2018年6月20日水曜日

京都の旅 フィナーレ


約束の時間に一時間も早くついてしまった。

鴨川と高野川が合流する三角州、鴨川デルタでぼーっとする。霧雨の降る朝は誰もいない。靴を脱いで裸足になる。旅の疲れが地面にスーッと抜けていく。

対岸を通勤の自転車がときどき走っていく。37年前、私はここにいた。紫野にある織ネームの会社のデザイン室に自転車で通っていたことを思いだした。その時は川を眺めたり、自然を味わったりする余裕などなかった。はじめての社会人。この社会についていくことに必死だった。



京都の旅のフィナーレは、ある女性と会うことだった。

彼女とは高尾の山で知り合った。物語りはここでは語りきれない。
彼女の笑顔、彼女の涙、彼女の性格、彼女のファッション、彼女の才能、彼女の仕草、そして彼女の感性。強烈な印象を私の心に残して、高尾山のふもとから筑波山のふもとへ、そして筑波山から京都は比叡山のふもとへと、花から花へ渡る蝶のように渡っていった。

英国でイングリッシュガーデンを学び、高尾で日本の大自然に溶け込んで、独自の感性を磨いて来た彼女。その感性は、今京都という土地にどんなふうに反応するのか、どんなふうにメタモルフォーゼさせていくのか、一人の目撃者として覗いてみたかった。

待ち合わせ場所はかつて私が住んでいた場所、出町柳。
これも不思議な縁だ。ある日彼女がフェイスブックに載せた、見覚えのある商店街の写真に目を見張った。どうして彼女がここにいる?
彼女は今出町柳から出る叡電の駅、比叡山のふもとに住んでいた。

「よっ!」
「よっ!」
まるで先週も会ってたかのように、あいさつしあうふたり。
すこし緊張するような、どこか照れくさいような、へんな感じ。
高尾で会う時は、寝起きのまんまのような格好だったのに、白いシャツを着た彼女は大人びてみえた。これから仕事に行くという彼女と、旅の途中の私。どちらもよそ行きの格好で会うぎこちなさ。

「あ!なつかしい!ここあったあった!」
「ここは?」
「あー。これはなかったなあ。。。」
出町柳の商店街の中で、お互いの共通項を確認し合う。かつて知っていた場所の私と、今知っている場所の彼女。過去と今が融合し合う瞬間。

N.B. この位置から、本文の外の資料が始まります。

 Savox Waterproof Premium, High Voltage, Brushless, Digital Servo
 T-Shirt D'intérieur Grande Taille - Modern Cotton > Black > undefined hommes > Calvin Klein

その足で、たよりない記憶を辿りながらかつて私が住んでいたアパートへ。そしてあの当時の面影そのままに残っていたアパートに、すこしショックを感じていた。
どこか変わっていてほしかったのだろうか。どういうふうに?
走馬灯のように記憶がめぐる。
あれは、、、あのとき、、、そうして、、、、こうだった。
過去を消したい自分がいたのか。それともいつまでもそこにたゆたよっていたい自分がいるのか。過去の自分と今の自分が噛み合ないジレンマにとまどっていた。



「京都は今、小さな映画館がいっぱい出来てるんだよ」
商店街の中にある映画館の一階のカフェで、彼女は今の京都を話してくれた。
先日、高知で似たような小さな映画館を見つけた事を思いだした。華やかなハリウッド映画とはちがう、地味で奥深い作品が今の若い人たちにじょじょに浸透して来ているようだ。
「ここの二階が映画館。そして三階で、若い人たちに映画作りを教えてるんだって!」

不思議な感じがした。なぜならその前夜、美大の恩師から最近の若者の映画作りの話を聞いたばかり。しかもまったく正反対の意味で。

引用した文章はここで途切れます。